Когда я открыла глаза, четко осознавая, что это был лишь сон, Ильдар стоял у моей постели и смотрел на меня. Уставший, осунувшийся, но все такой же уверенный в том, что все будет так, как он решил.
Увидев, что я пришла в себя, не произнеся ни слова, развернулся и вышел из комнаты, оставив со мной хошши из тех, что обслуживали его покои.
Следующие несколько дней тоже выпали из моей жизни.

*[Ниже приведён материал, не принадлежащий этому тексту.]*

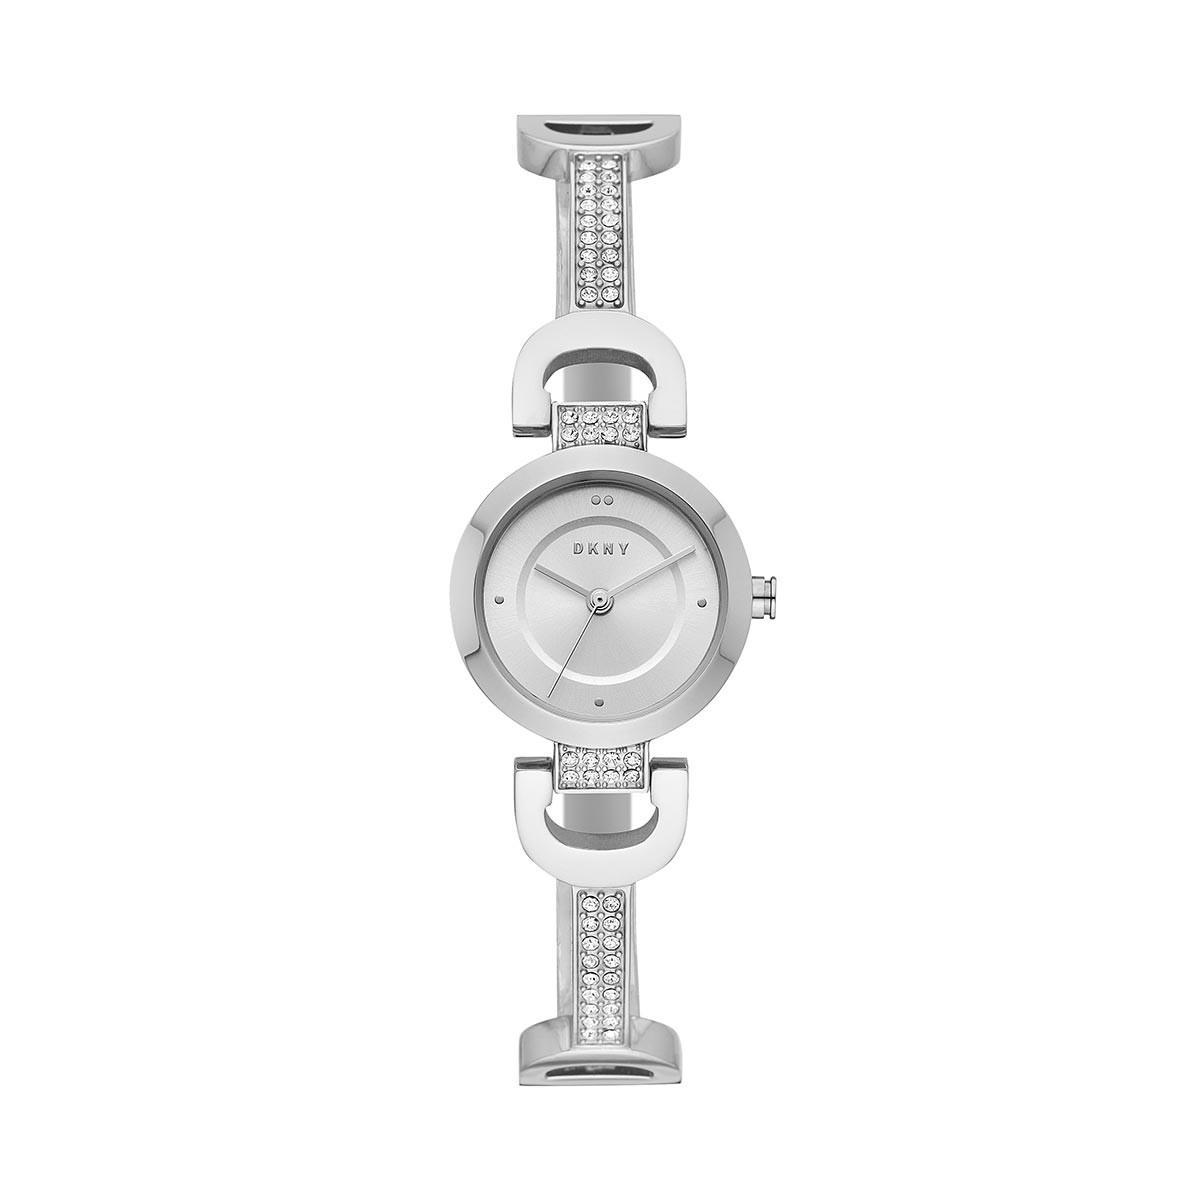 DKNY Uhr - NY2751 City Link Watch Silver - in silber - für Damen

Я спала, ела, отвечала на какие-то вопросы, но… была где угодно, только не там, где находилось мое тело. Оживала я ненадолго, когда появлялась Лора. Она брала меня за руки и что-то рассказывала, согревая своим теплом. А я не столько вслушивалась, сколько слушала… Ее голос, интонации, с которыми она произносила слова, ее чувства, которыми она щедро со мной делилась.
Она была столь же одинока в этом мире, принадлежавшем ей, как и я… чужая.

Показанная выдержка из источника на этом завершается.